Work instruction:
Give back the entries below verbatim.

Data excerpts:
--------------------------------

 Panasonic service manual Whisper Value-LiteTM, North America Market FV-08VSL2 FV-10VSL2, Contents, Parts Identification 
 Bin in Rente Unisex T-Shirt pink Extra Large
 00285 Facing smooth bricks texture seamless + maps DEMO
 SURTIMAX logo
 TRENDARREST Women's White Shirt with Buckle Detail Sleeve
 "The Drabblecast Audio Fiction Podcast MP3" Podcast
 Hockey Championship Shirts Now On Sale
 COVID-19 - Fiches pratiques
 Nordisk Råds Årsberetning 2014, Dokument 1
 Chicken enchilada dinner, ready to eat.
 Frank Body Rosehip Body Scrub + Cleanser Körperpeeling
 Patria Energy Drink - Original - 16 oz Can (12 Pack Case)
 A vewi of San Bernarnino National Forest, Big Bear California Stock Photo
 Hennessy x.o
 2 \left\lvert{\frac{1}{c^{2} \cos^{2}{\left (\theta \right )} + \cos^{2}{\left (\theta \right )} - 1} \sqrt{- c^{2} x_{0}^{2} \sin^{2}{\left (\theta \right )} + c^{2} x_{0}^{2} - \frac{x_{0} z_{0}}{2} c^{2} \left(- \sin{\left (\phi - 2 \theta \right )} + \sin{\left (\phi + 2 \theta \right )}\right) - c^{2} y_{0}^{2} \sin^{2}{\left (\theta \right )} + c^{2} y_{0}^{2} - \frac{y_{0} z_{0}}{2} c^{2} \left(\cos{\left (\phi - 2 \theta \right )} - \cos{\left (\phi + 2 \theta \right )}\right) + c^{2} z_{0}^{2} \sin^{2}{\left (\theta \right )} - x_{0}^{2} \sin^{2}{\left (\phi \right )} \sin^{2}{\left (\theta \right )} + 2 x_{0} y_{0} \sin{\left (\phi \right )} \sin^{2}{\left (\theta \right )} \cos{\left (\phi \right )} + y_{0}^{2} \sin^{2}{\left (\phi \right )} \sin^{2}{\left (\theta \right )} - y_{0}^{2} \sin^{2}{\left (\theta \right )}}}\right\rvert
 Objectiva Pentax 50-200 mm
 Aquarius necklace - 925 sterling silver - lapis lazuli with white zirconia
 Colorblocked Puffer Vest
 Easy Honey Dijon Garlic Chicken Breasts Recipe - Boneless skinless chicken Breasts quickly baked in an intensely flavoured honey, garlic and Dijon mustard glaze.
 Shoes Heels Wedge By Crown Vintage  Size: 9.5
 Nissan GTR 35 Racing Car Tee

--------------------------------

Answer to the exercise:
 Panasonic service manual Whisper Value-LiteTM, North America Market FV-08VSL2 FV-10VSL2, Contents, Parts Identification 
 Bin in Rente Unisex T-Shirt pink Extra Large
 00285 Facing smooth bricks texture seamless + maps DEMO
 SURTIMAX logo
 TRENDARREST Women's White Shirt with Buckle Detail Sleeve
 "The Drabblecast Audio Fiction Podcast MP3" Podcast
 Hockey Championship Shirts Now On Sale
 COVID-19 - Fiches pratiques
 Nordisk Råds Årsberetning 2014, Dokument 1
 Chicken enchilada dinner, ready to eat.
 Frank Body Rosehip Body Scrub + Cleanser Körperpeeling
 Patria Energy Drink - Original - 16 oz Can (12 Pack Case)
 A vewi of San Bernarnino National Forest, Big Bear California Stock Photo
 Hennessy x.o
 2 \left\lvert{\frac{1}{c^{2} \cos^{2}{\left (\theta \right )} + \cos^{2}{\left (\theta \right )} - 1} \sqrt{- c^{2} x_{0}^{2} \sin^{2}{\left (\theta \right )} + c^{2} x_{0}^{2} - \frac{x_{0} z_{0}}{2} c^{2} \left(- \sin{\left (\phi - 2 \theta \right )} + \sin{\left (\phi + 2 \theta \right )}\right) - c^{2} y_{0}^{2} \sin^{2}{\left (\theta \right )} + c^{2} y_{0}^{2} - \frac{y_{0} z_{0}}{2} c^{2} \left(\cos{\left (\phi - 2 \theta \right )} - \cos{\left (\phi + 2 \theta \right )}\right) + c^{2} z_{0}^{2} \sin^{2}{\left (\theta \right )} - x_{0}^{2} \sin^{2}{\left (\phi \right )} \sin^{2}{\left (\theta \right )} + 2 x_{0} y_{0} \sin{\left (\phi \right )} \sin^{2}{\left (\theta \right )} \cos{\left (\phi \right )} + y_{0}^{2} \sin^{2}{\left (\phi \right )} \sin^{2}{\left (\theta \right )} - y_{0}^{2} \sin^{2}{\left (\theta \right )}}}\right\rvert
 Objectiva Pentax 50-200 mm
 Aquarius necklace - 925 sterling silver - lapis lazuli with white zirconia
 Colorblocked Puffer Vest
 Easy Honey Dijon Garlic Chicken Breasts Recipe - Boneless skinless chicken Breasts quickly baked in an intensely flavoured honey, garlic and Dijon mustard glaze.
 Shoes Heels Wedge By Crown Vintage  Size: 9.5
 Nissan GTR 35 Racing Car Tee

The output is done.